Gideon is my third child and third pregnancy. And it was pretty straightforward. All his tests came back normal or low risk. He moved less than his brothers but I had an anterior placenta, so blamed that. Of course, once he was born, it became obvious he was very poorly and we got his diagnosis of Prader Willi Syndrome at ten days. And so it began – life as a special needs parent. Constant therapies and hospital appointments and adaptations. Not enough sleep. Too much poo – far too much poo….
And when I fell pregnant with my fourth child – far too much worry. Now that my new baby is here, hale and healthy and six months old, those terrible days of pregnancy seem like another lifetime. But at the time, it was a different matter. My whole pregnancy was spent on tenterhooks. I spent the first trimester waiting to miscarry. I was offered extra testing, but declined. Gideon’s condition is a 1:15,000 occurrence and it’s not genetic. I knew that PWS and many other rare conditions aren’t routinely tested for with either CVS (biopsy sampling at around 10-12 weeks) or an amniocentesis. I know that some conditions aren’t genetic but are seriously limiting and are not detectable pre-birth. I knew that we almost certainly wouldn’t terminate a pregnancy. I know too that a baby can be injured at birth or get very ill afterwards.
If all this sounds very negative – well, yes it is. But it’s also realistic. Bad, or challenging, things do happen to any of us, and sometimes life or fate is so terribly unkind that bad, or challenging, things happen over and over again to the same families. What I wanted was for someone to look me in the eye and say “I promise everything will be OK”. But of course, they couldn’t.
At my 20 weeks scan, I was reassured that there were no obvious structural abnormalities which was reassuring. I know that most ‘incompatible with life’ issues are picked up at this point. However, I just refocused my worries along a different path. I was convinced my baby would be still born. I was back and forth to the hospital to check movements and heart rate. Without fail, everyone was lovely and reassuring and kept telling me to come back as often as I needed.
I went overdue, which worried me even more. I’d never been that worried about dates with my other three boys, but this time was different. I had additional scans to check blood flow through the cord and this reassured me – for 24 hours. I’d lay awake in bed waiting for my baby to move.
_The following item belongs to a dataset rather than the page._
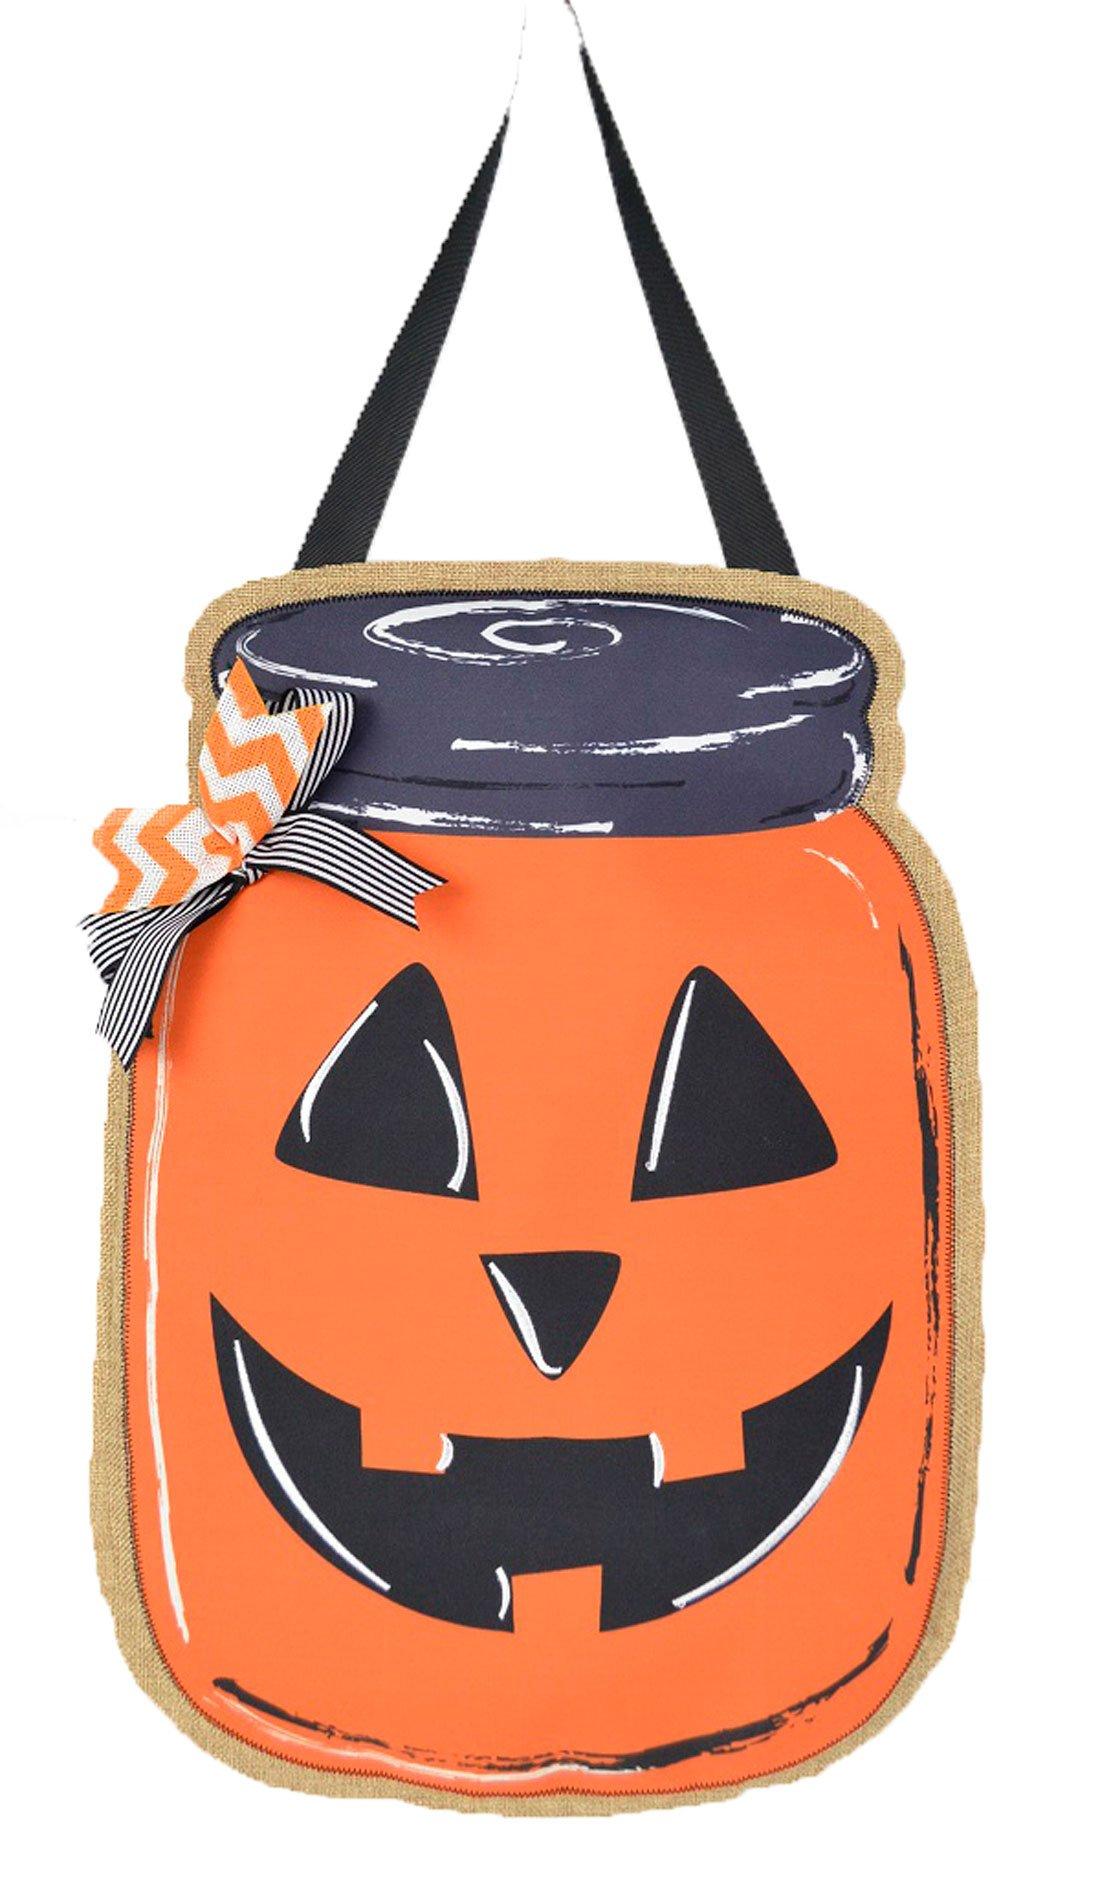 JEC Home Goods Jack O Lantern Decoration Door Hanger - Halloween Mason Jar - Front Door Decoration or Wall Decor on Burlap - Large 18 Inch Size

By 41 weeks I asked to be induced. I never thought I’d be asking for an induction. On the day, I couldn’t sit still or concentrate. I just wanted my baby in my arms. In the end he was born in 40 minutes.
He’s bonny and bright and very healing for me. But when I look back on my pregnancy with him, I honestly think I went a tiny bit mad. I also know that actually, of course it was going to be tough. Logically I knew I was being over anxious – but I just couldn’t stop it.
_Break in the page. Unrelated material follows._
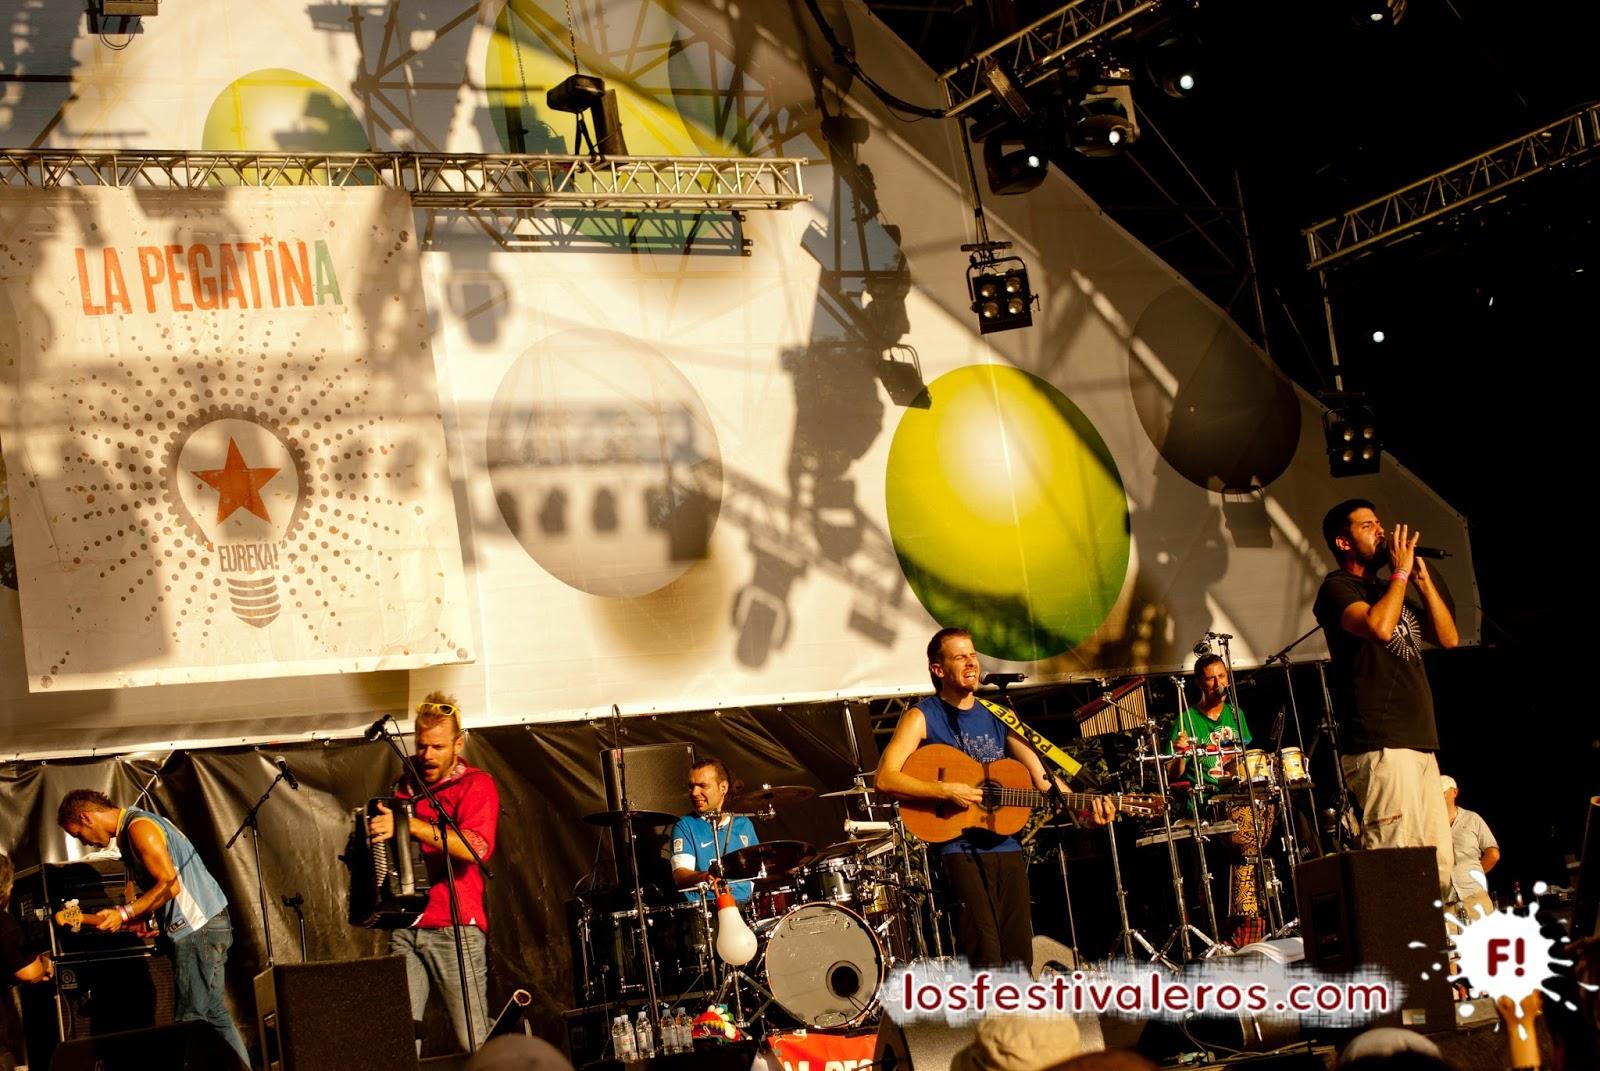 La Pegatina, Planet Babylon, 2014, Festival

I count my blessings every day. I’ve got four happy, healthy boys. My fourth son is my last baby, so I’m doing my best to enjoy every minute of it.
This is the third in our mini series from our guest blogger, Rae. A big Take 5 and chat ‘thank you’ to Rae, for sharing her story so far. We look forward to hearing more in the future!
Prader-Willi syndrome (PWS) was first described in 1956 by Swiss doctors, Prof. A Prader, Dr A Labhart and Dr H Willi, who recognised the condition as having unique and clearly definable features. These features are, as medically described:
- Hypotonia: weak muscle tone, and floppiness at birth.
- Hypogonadism: immature development of sexual organs and other sexual characteristics.
- Obesity: caused by excessive appetite and overeating (hyperphagia), and a decreased calorific requirement owing to low energy expenditure levels. (Obesity is not normally a feature of those whose food intake is strictly controlled.)
- Central nervous system and endocrine gland dysfunction: causing varying degrees of learning disability, short stature, hyperphagia, somnolence (excessive sleepiness), and poor emotional and social development.